As I continue to prepare and think about what God is doing at Eternity, one of the things that has struck me lately is how fascinated we all tend to be with ourselves. We search endlessly the depths of our souls in an attempt to discover deep, hidden stones that once we turn them over, we believe we will find the long awaited answers that will solve all of our dilemmas, hurts, and problems.
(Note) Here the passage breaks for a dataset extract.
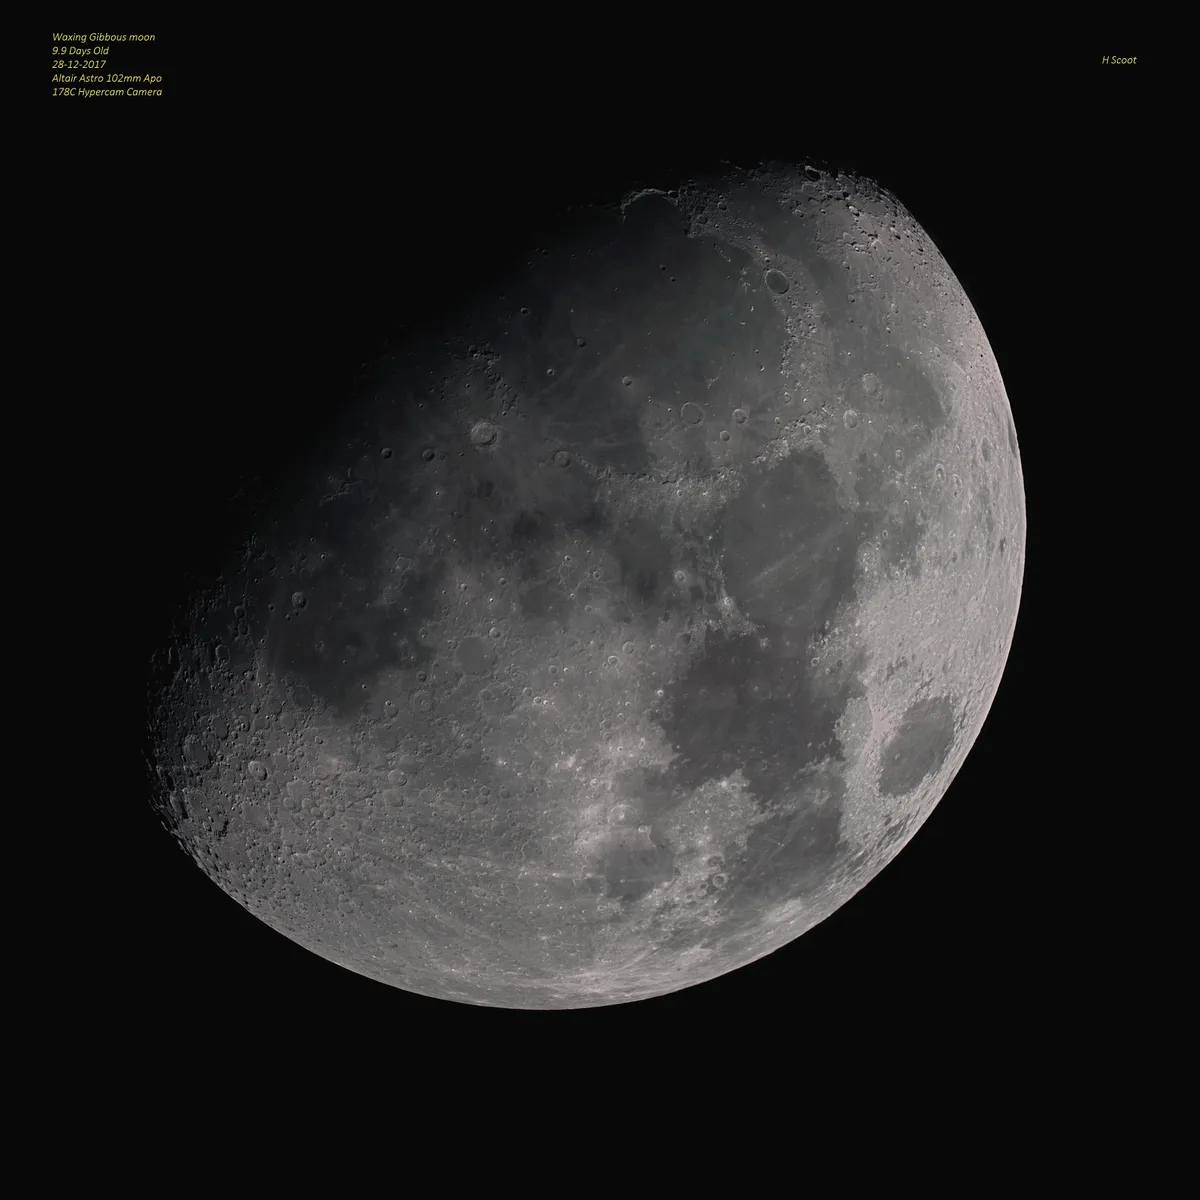 Waxing Gibbous Moon 28-12-2017 by Harvey Scoot, Essex, UK. Equipment: Altair Astro 102mm Apo refractor, Mesu Mount, Altair Astro IMX178C Hypercam.

And so, when I read this article today from David Wells (someone you may have never heard of but is absolutely brilliant), I thought it was an amazing article with tremendous insight. It’s not easy ready per se…but if you labor to grasp what he is saying, you’ll find it to be pretty spot on. Here’s the money paragraph that I think pretty well describes why we as Christians today and why our churches today are the way they are:
The habits and appetites modernity encourages are, today, simply at odds with those that biblical faith requires, and where that has not been recognized, a fateful series of substitutions takes place. Faith that has been infused by the spirit of modernity becomes focused on self rather than on God. It imagines that the world can be understood aright by gazing through the peephole of the self, so this kind of faith leans much on intuition and little on God’s revealed truth. It is guided more by circumstance than by conviction, and it is more pragmatic than principled. Christian faith, in consequence, is cast in therapeutic terms. Self-fascination replaces the older self-denial, the latter becoming a new obscenity and the former a new gospel. The search for wholeness then replaces that of holiness, feeling good that of being good. This, in turn, begins to obscure the difference between good and evil, or to make that difference one of small consequence, and perhaps out of this there develops an entirely new understanding of what good and evil really are. Good, in a secularized and affluent age, is to have, and to have is to be; evil, by the same token, is to be deprived, and to be without is to be lost. Salvation, therefore, is not salvation from the judgment of God but simply salvation from the judgment of modernity. To be saved is simply to have a personal sense of well-being, however that comes about. In short, those who wish to sup with modernity had better have a long spoon, because it has the power to wreck faith and to rob us of our ability to think of God’s world on God’s terms.
How do you think of God’s world? On your terms or on God’s terms as He has revealed to us in Scripture?